Меня охватила тревога. Это же совсем не тот человек, которого я так жаждал лицезреть сегодня с первой минуты пробуждения: куда сгинул весь его облик, еще вчера манивший меня путеводным светом? А здесь передо мной был зануда-профессор, крутящий шарманку своих лекций; с возрастающим беспокойством я вслушивался в его слова, не вернется ли хотя бы намеком та вчерашняя трепетная взволнованность, что, подобно руке музыканта, так умело трогала струны моей души, пробуждая в ней возвышенные страсти. И я все тревожнее вскидывал взор, с неизменным разочарованием вглядываясь в совершенно чужое лицо этого человека, несомненно, то же, что и вчера, но будто бы опустошенное, не знающее вдохновения, изможденное, тусклое, почти безжизненное лицо – скорее пергаментная маска старца. Да как возможно такое? В одночасье, за одну ночь, вчерашнее юношество превратить в такое вот старчество? Или и вправду бывают такие внезапные взлеты духа, когда пламенное слово преображает и весь облик человека, делая его на десятилетия моложе?
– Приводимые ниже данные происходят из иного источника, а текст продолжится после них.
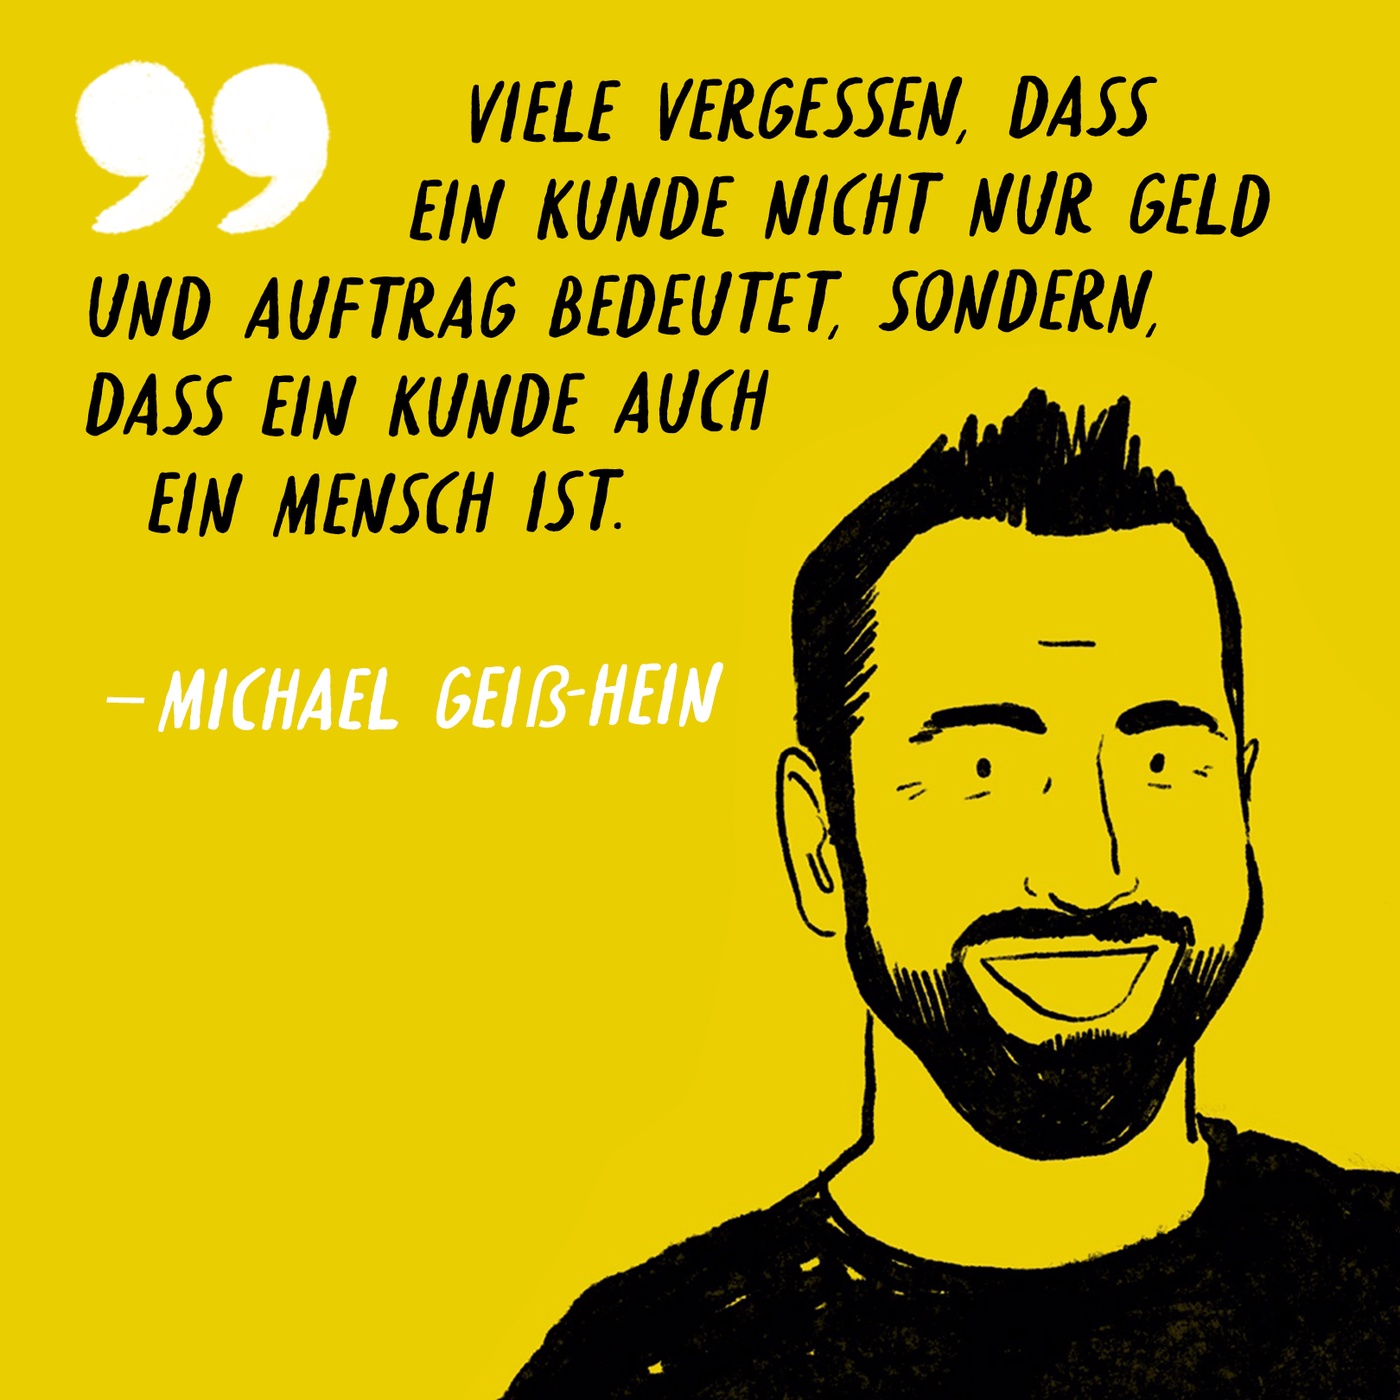 Bonus zu Folge 24: Mini-Interview mit Michael Geiß-Hein AKA Mister Maikel

Меня мучил этот вопрос. Я сгорал от жажды как можно больше узнать об этом загадочном, двуликом человеке. Вот почему, едва он, с потухшим взором сойдя с кафедры и не глядя на нас, вышел из аудитории, я, следуя внезапному наитию, поспешил в библиотеку и попросил выдать мне его труды. Может, он сегодня просто устал, может, его донимали недомогания, но здесь-то, в непреложности письменного слова, в запечатленных творениях ума, должна найтись разгадка, ключ к пониманию этой столь заинтриговавшей меня личности. Служитель принес книги: к моему изумлению, совсем немного. За двадцать лет этот совсем не молодой уже человек опубликовал жалкую стопку брошюрок, несколько предисловий, докладов, в порядке дискуссии небольшой трактат о подлинности шекспировского «Перикла», опыт сопоставления Гёльдерлина и Шелли (это, правда, в ту пору, когда ни тот, ни другой, каждый в своем отечестве, еще не были признаны гениями), не считая прочей, совсем уж мелкой и рутинной филологической всячины. Правда, в каждой публикации анонсировался готовящийся к изданию двухтомник; «Театр «Глобус»», его история, его образы, его авторы», однако хотя первое уведомление было напечатано лет двадцать назад, библиотекарь в ответ на мой повторный запрос сообщил, что издание так и не вышло. Не без робости, хотя уже с недобрым предчувствием, перелистывал я вышеозначенные труды, в тайной надежде расслышать вчерашний, столь воодушевивший меня голос, вновь окунуться в бурный поток его вдохновенной речи. Но нет, ход этих писаний был строг и неумолимо размерен, нигде не дрогнула, нигде не всколыхнулась волна опьяняющего экстаза. «Как жаль!» – простонало что-то у меня в душе. Я проклинал, я готов был поколотить себя, настолько все во мне клокотало от гнева и обиды за свое легковерное, столь поспешное и опрометчивое преклонение.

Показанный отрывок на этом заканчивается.